Melioidosis is an emerging infection in South Asia caused by Burkholderia pseudomallei with various clinical presentations that include pneumonia, bacteraemia, arthritis, and deep-seated abscesses. Various cutaneous manifestations have been described in association with melioidosis. However Sweet Syndrome secondary to melioidosis has not been reported in the literature. Herein we describe the first case of Sweet syndrome secondary to melioidosis.

Case presentation

A 53-year-old previously healthy Sri Lankan female presented with high-grade fever, painful oral ulcers, odynophagia and multiple bilateral cervical lymphadenopathies for 1 month. She also had a loss of appetite and weight. She had oral ulcers and bilateral blepharitis. Dermatological examination revealed multiple tender papules with a mamillated appearance and targetoid lesions with a yellowish centre over the face, upper trunk and upper limbs. She also had multiple tender subcutaneous nodules over the extensor aspect of upper limbs. Her inflammatory markers were significantly elevated. Aspirate from a submental lymph node abscess revealed the growth of Burkholderia pseudomallei. Melioidosis antibody titer was > 10,240. The histology of the skin lesions of the face and left forearm showed a prominent neutrophilic infiltrate in the dermis and the morphological features were in favour of Sweet syndrome with panniculitis.
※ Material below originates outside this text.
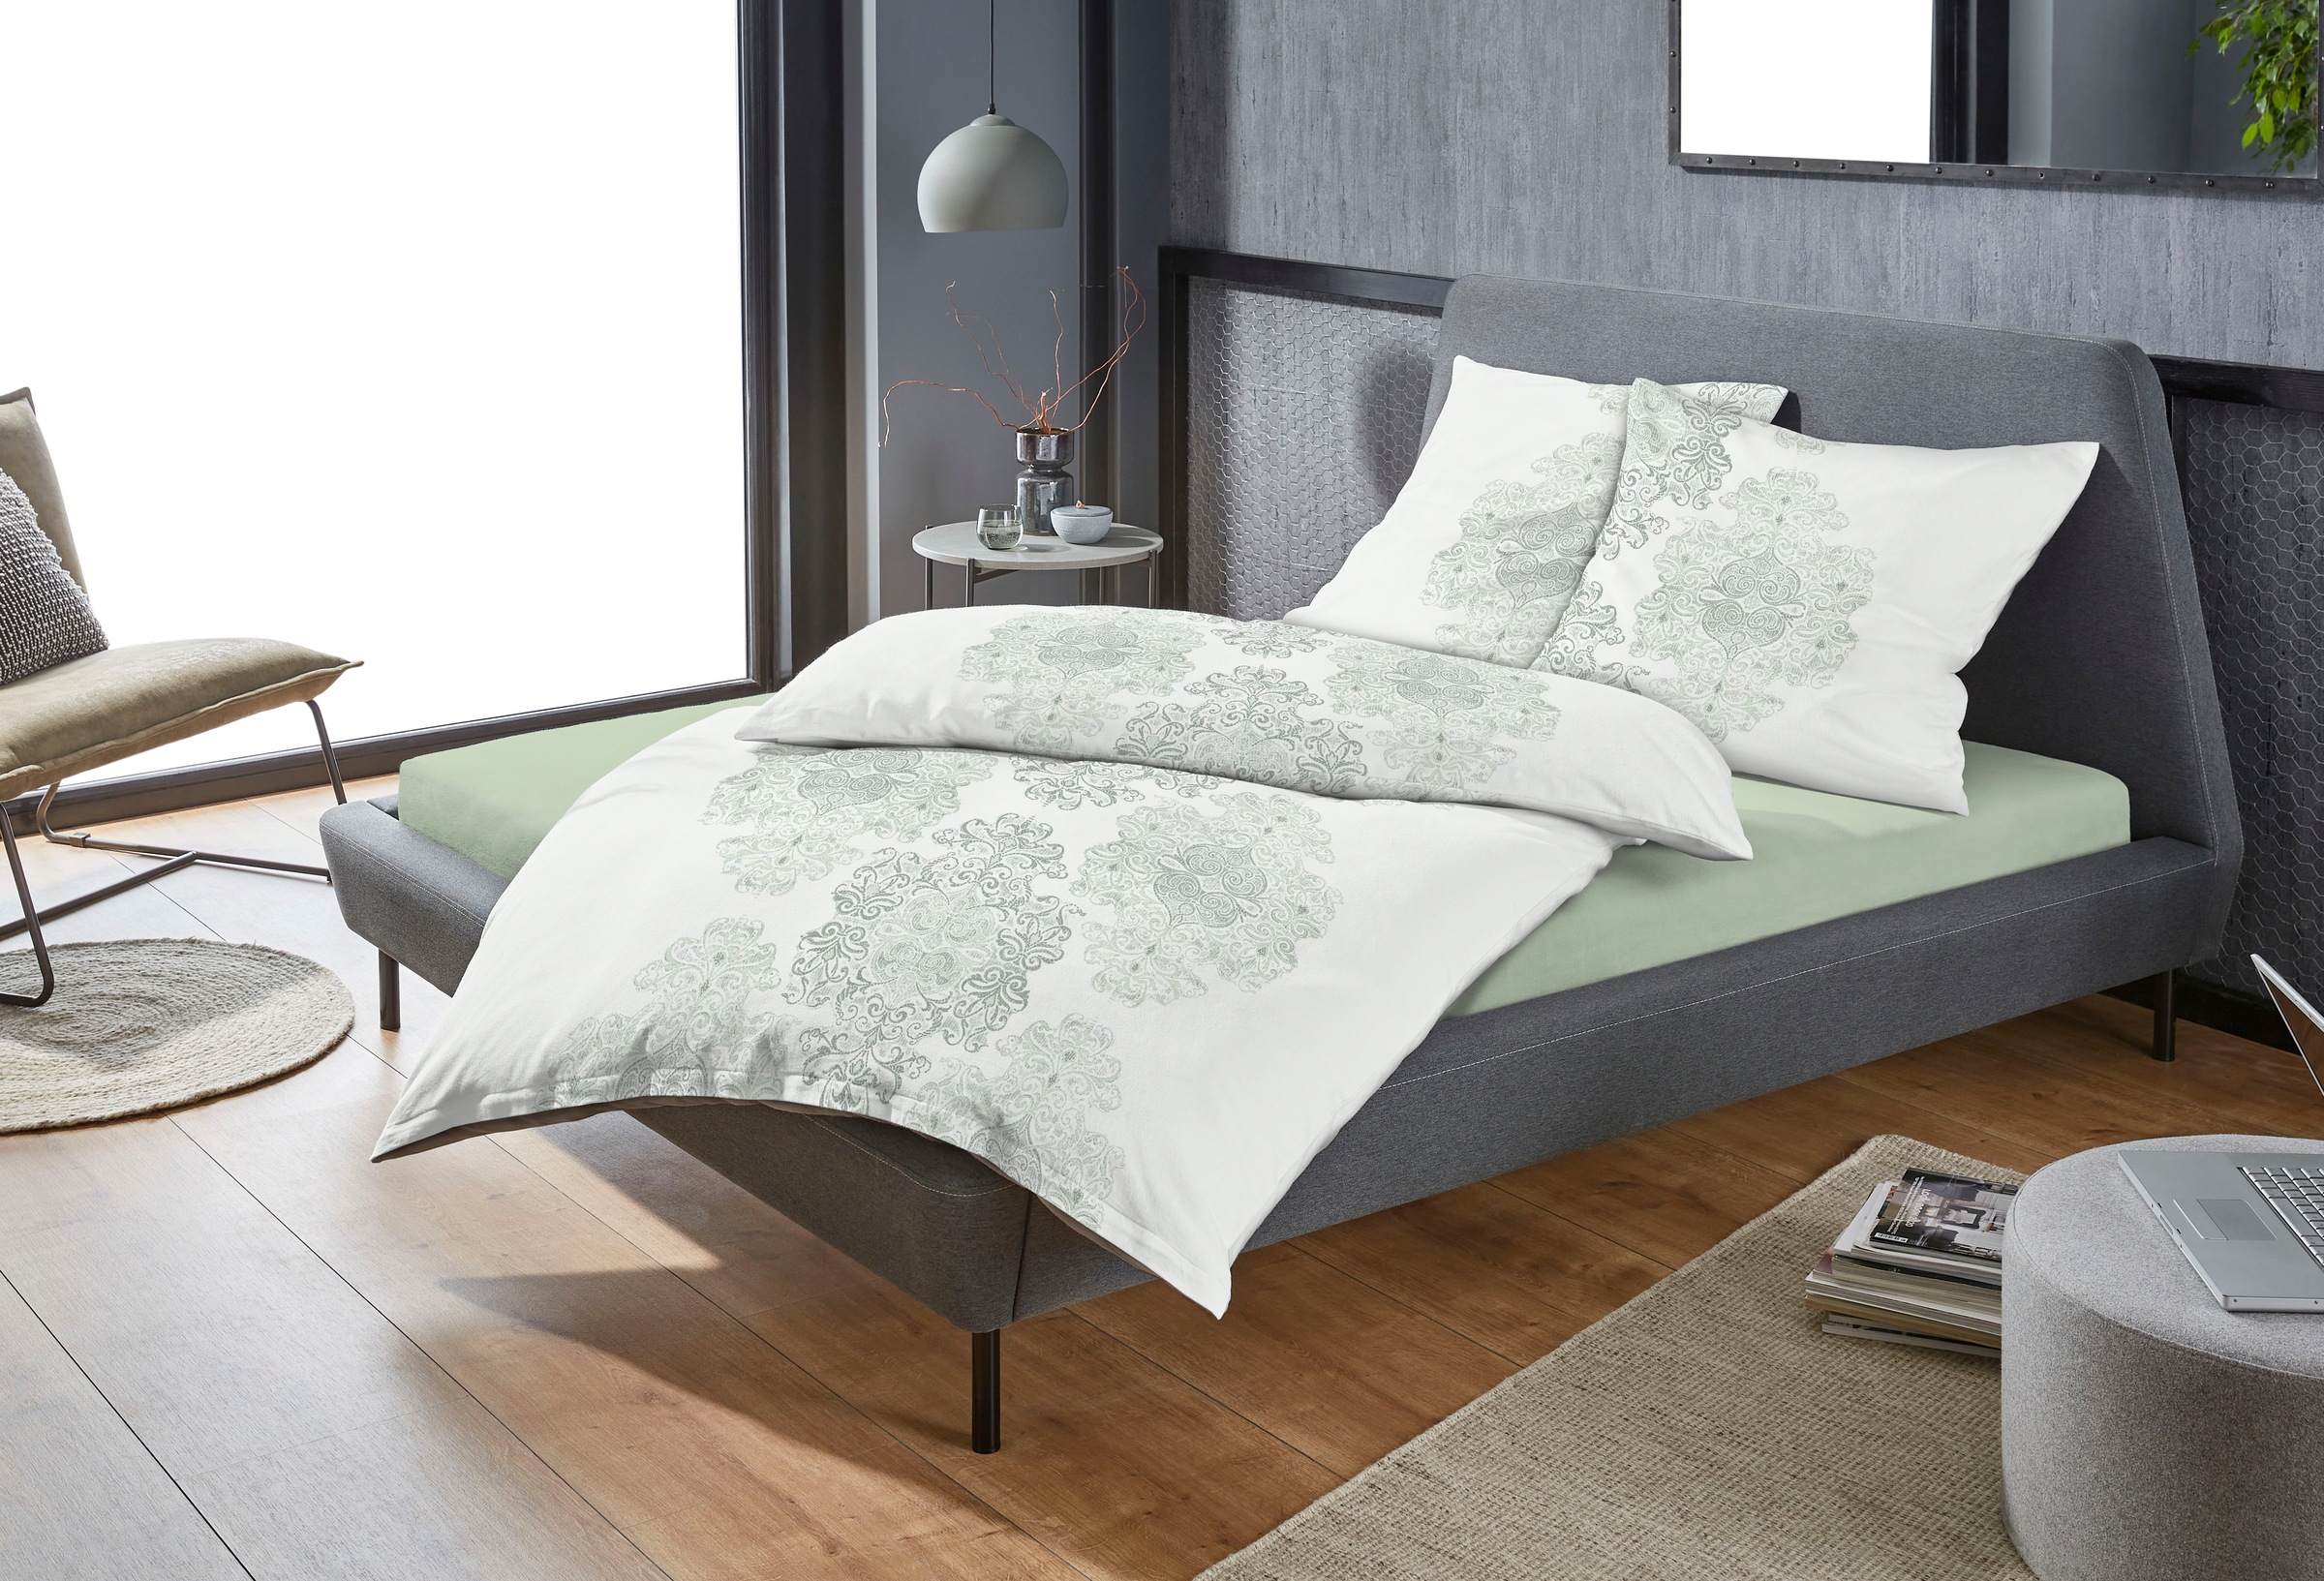 Zeitgeist Bettwäsche »Orient in Gr. 135x200 oder 155x220 cm«, (2 tlg.), mit dezenten Ornamenten, Bettwäsche aus Baumwolle mit Reißverschluss
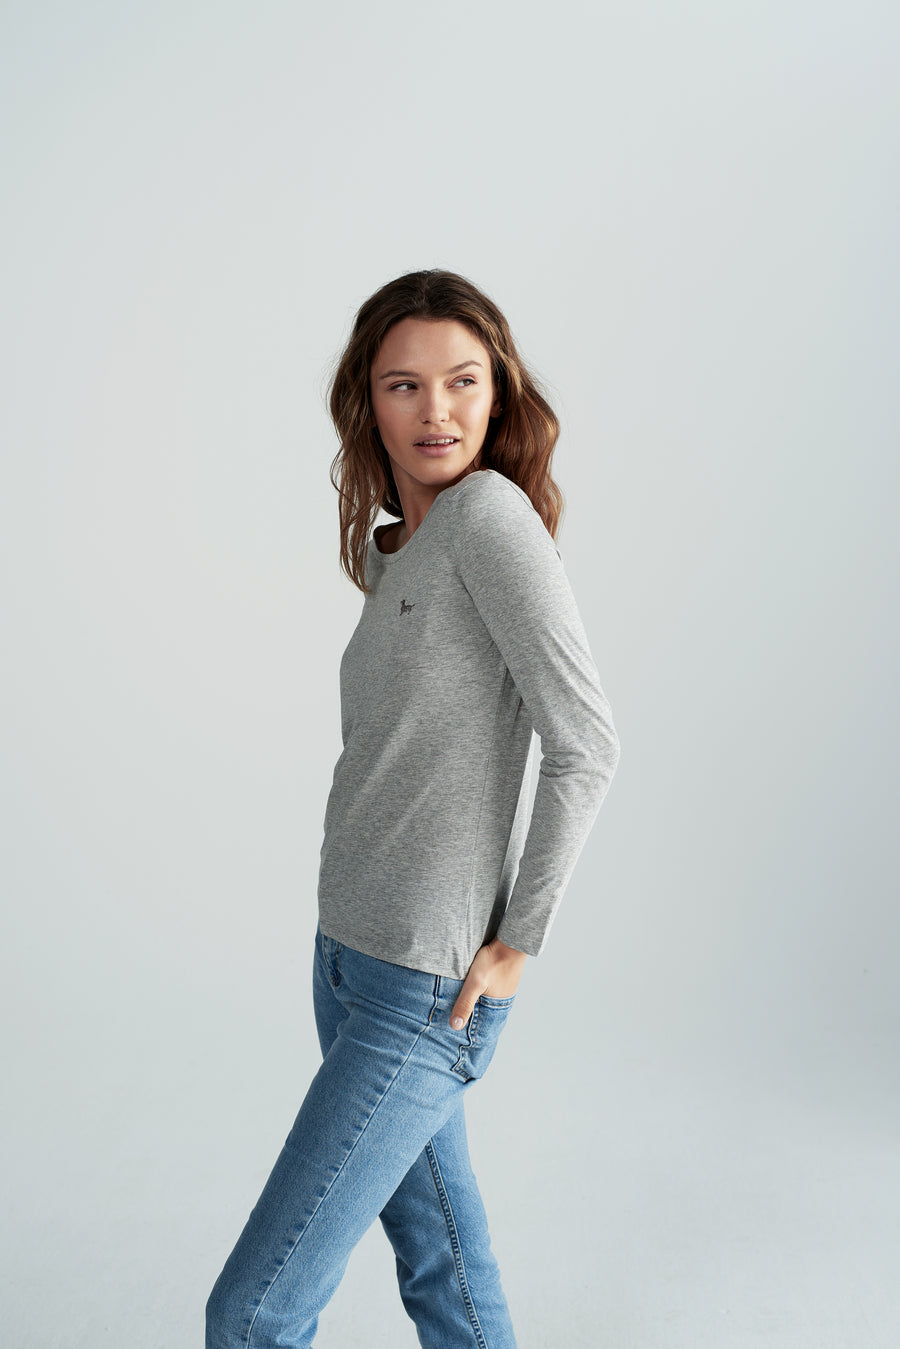 Nachhaltiges Damen T-Shirt mit Langarm in Grau mit Rauhaardackel Motiv

She was started on intravenous meropenem 2 g daily and showed rapid clinical improvement with the disappearance of skin lesions as well as a reduction in inflammatory markers.

Conclusion

Sweet syndrome is an uncommon inflammatory disorder known to be associated with upper respiratory tract and gastrointestinal infections, malignancies and the use of certain drugs. Melioidosis is an emerging infection with various cutaneous manifestations. This is the first case of melioidosis causing the secondary sweet syndrome. It emphasizes the importance of considering melioidosis as a potential aetiology in patients with Sweet syndrome.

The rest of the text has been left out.